### Assignment
Reproduce the listing exactly. Omit pictures.

### Data block
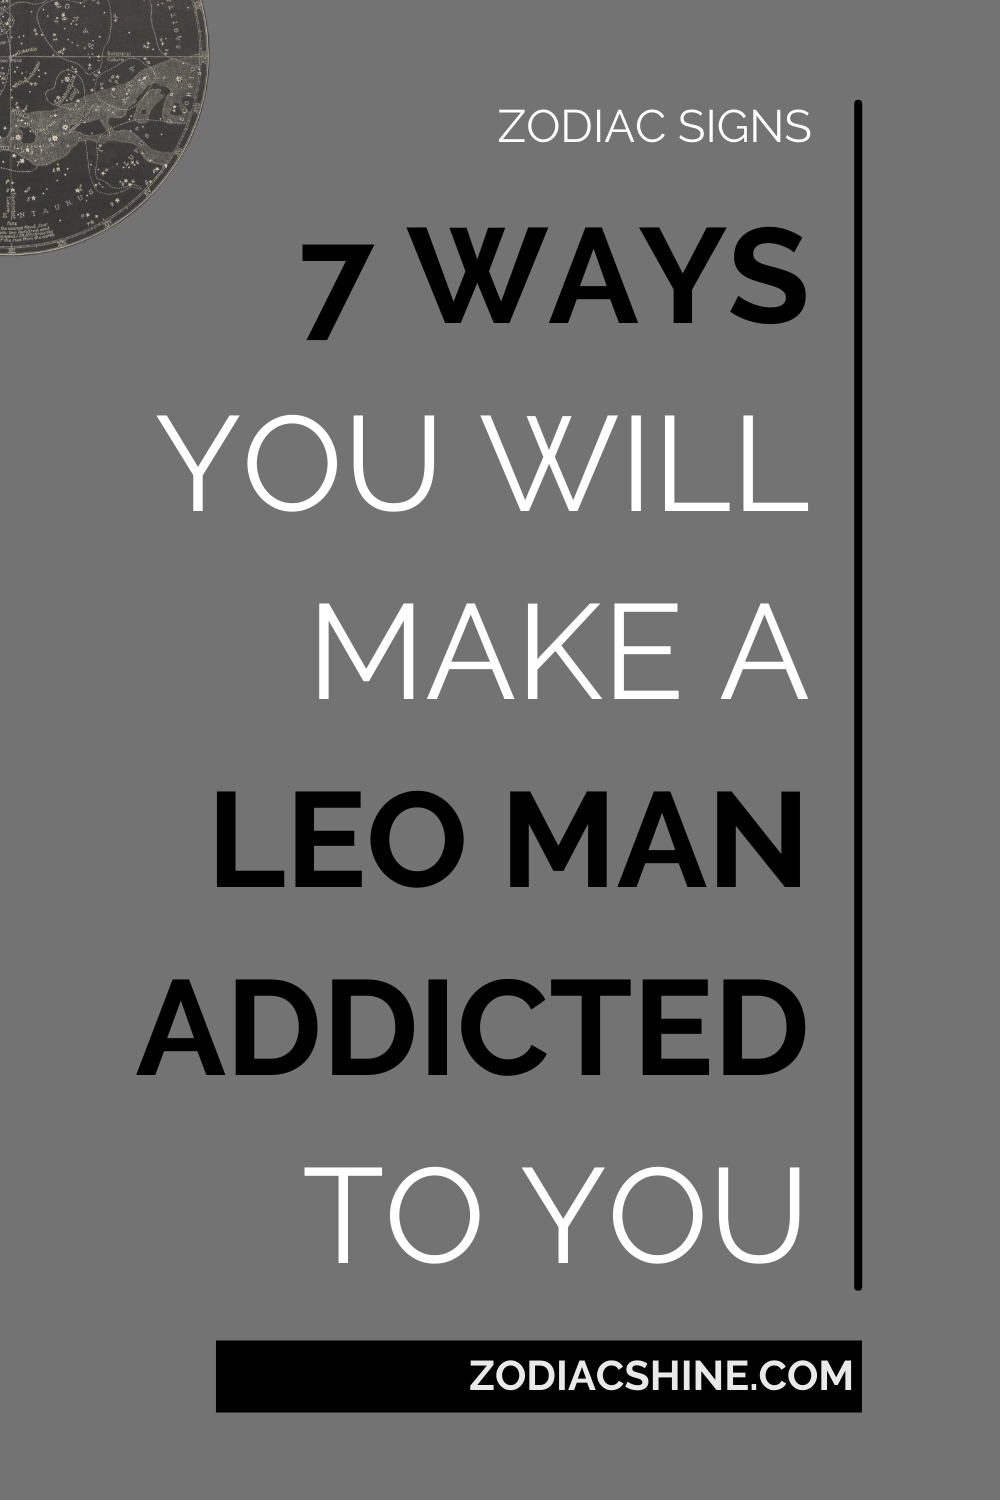 7 Ways You Will Make A Leo Man Addicted To You
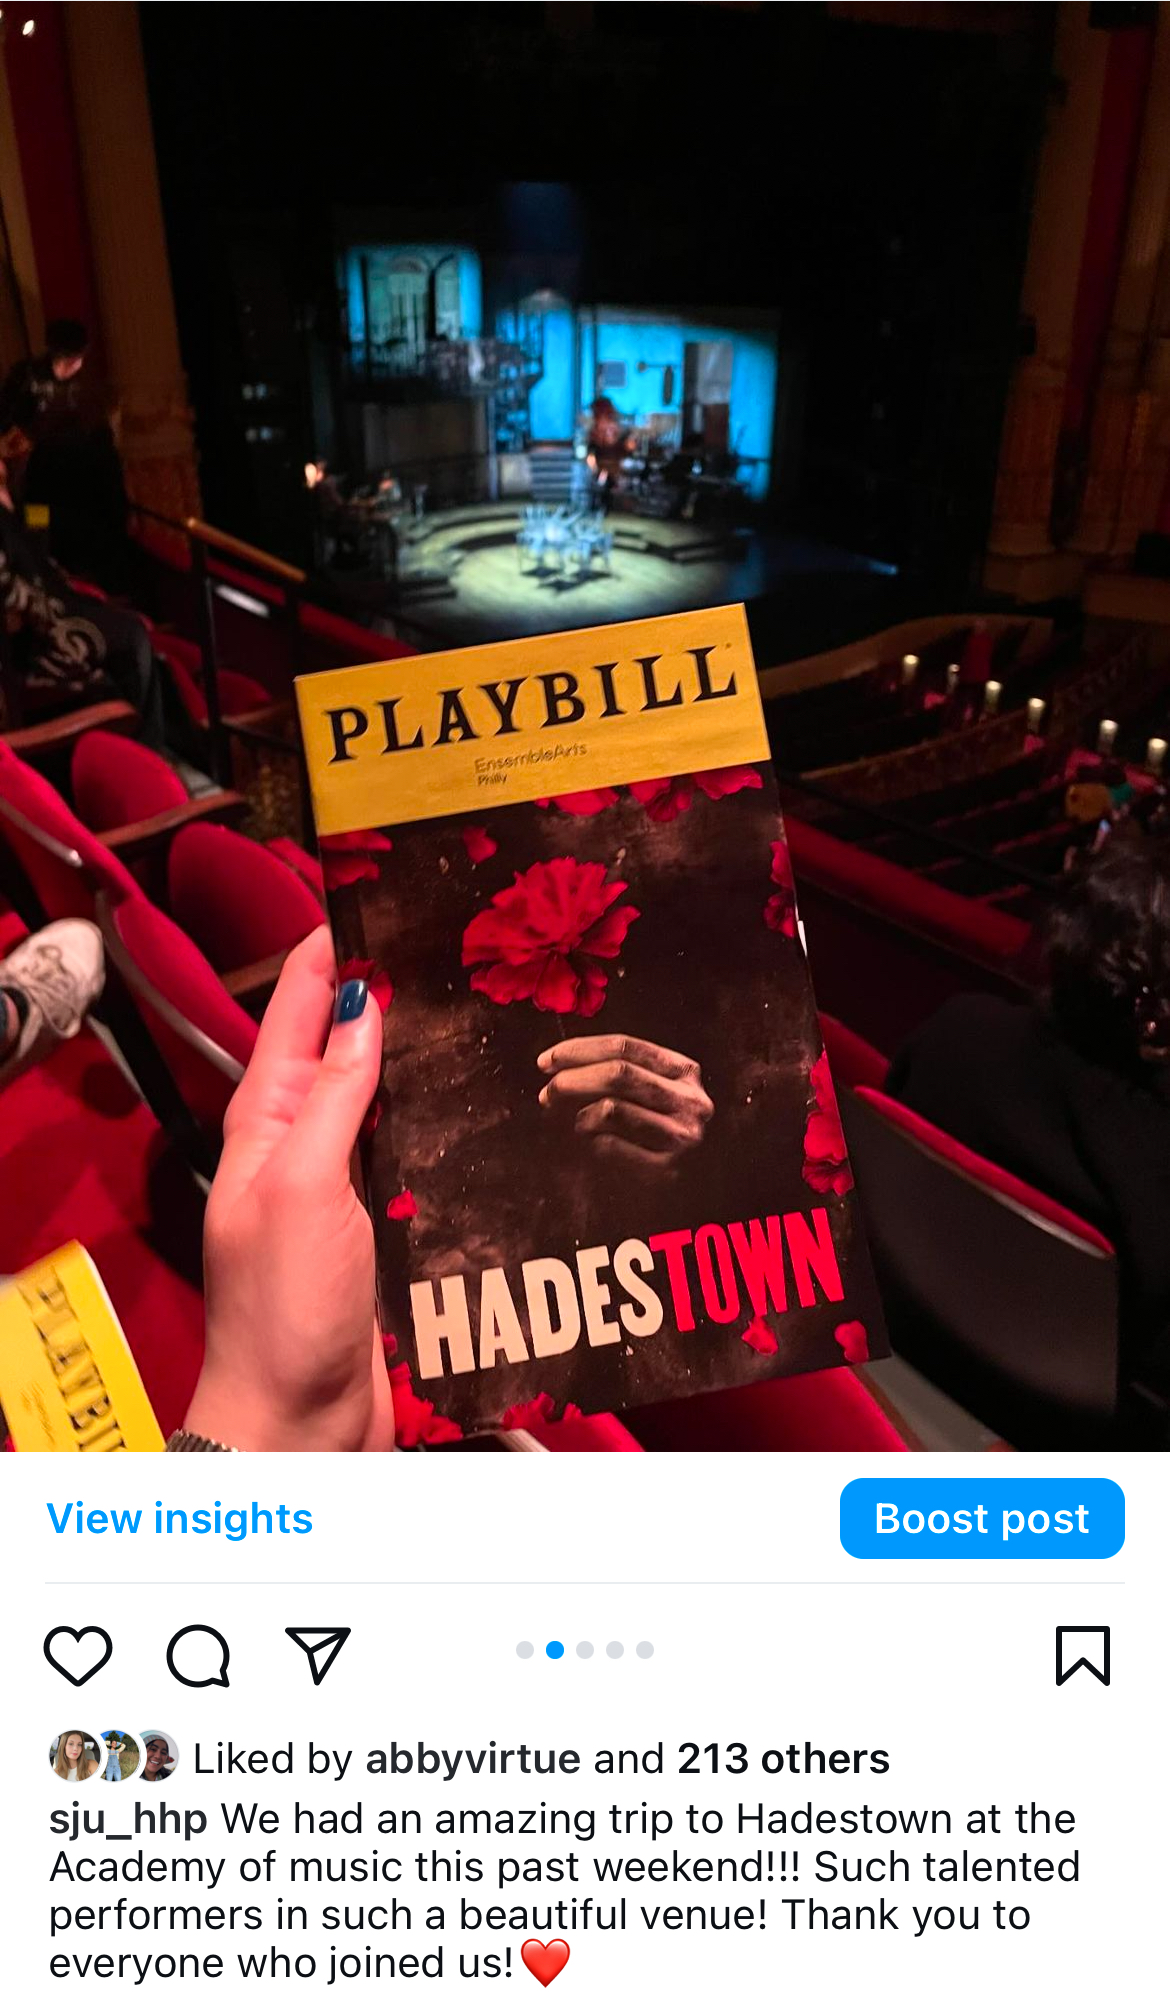 This image is a recap post from a trip to see Hadestown the musical in Philly. The center of the image has a hand holding the playbill for the musical which has a red flower in the center with the title of the show above. Behind the playbill is the audience below, and the stage behind it.
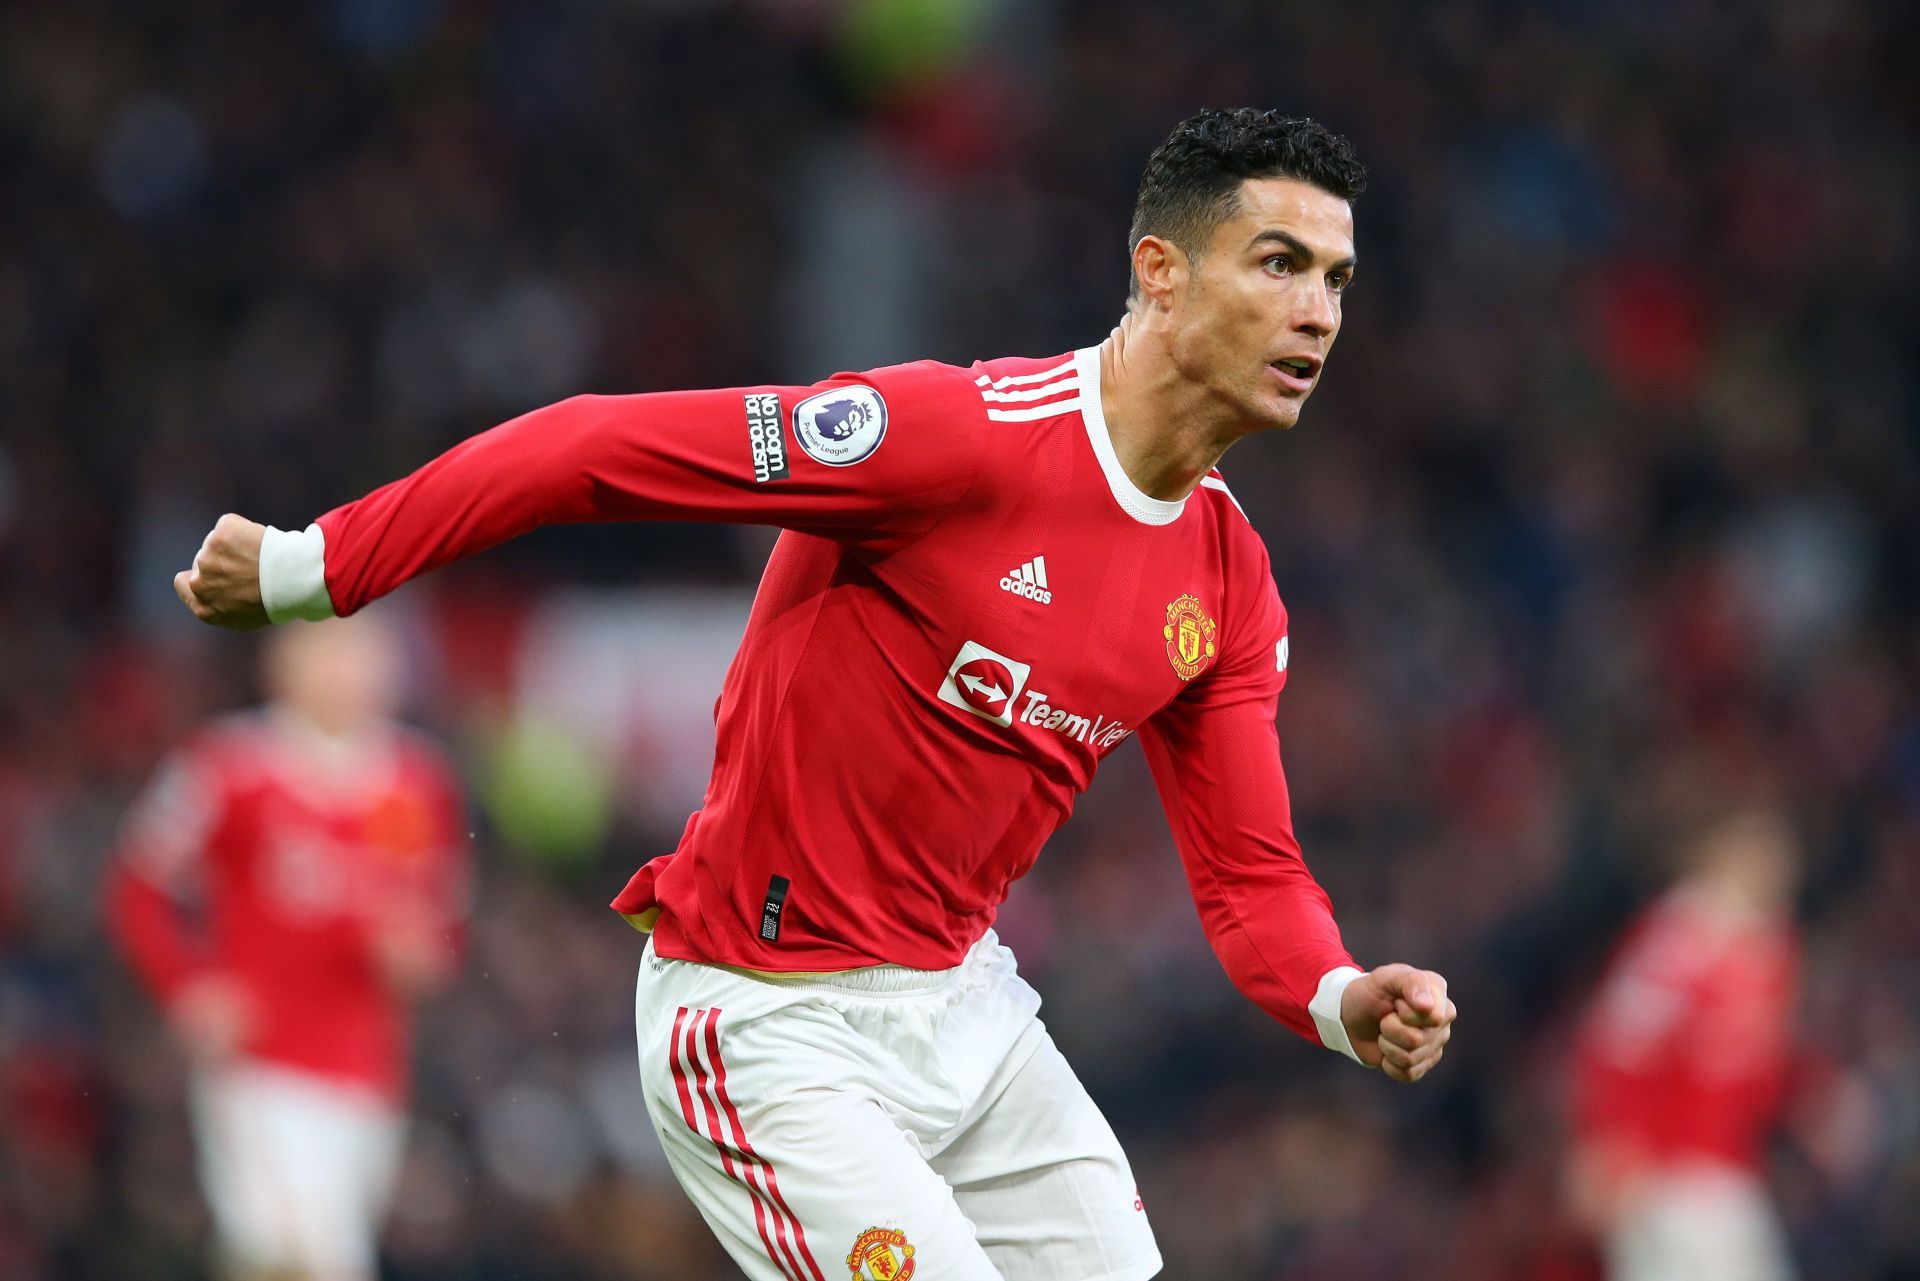 Manchester United forward Cristiano Ronaldo. (Photo by Alex Livesey/Getty Images)

### Answer area
 7 Ways You Will Make A Leo Man Addicted To You
 This image is a recap post from a trip to see Hadestown the musical in Philly. The center of the image has a hand holding the playbill for the musical which has a red flower in the center with the title of the show above. Behind the playbill is the audience below, and the stage behind it.
 Manchester United forward Cristiano Ronaldo. (Photo by Alex Livesey/Getty Images)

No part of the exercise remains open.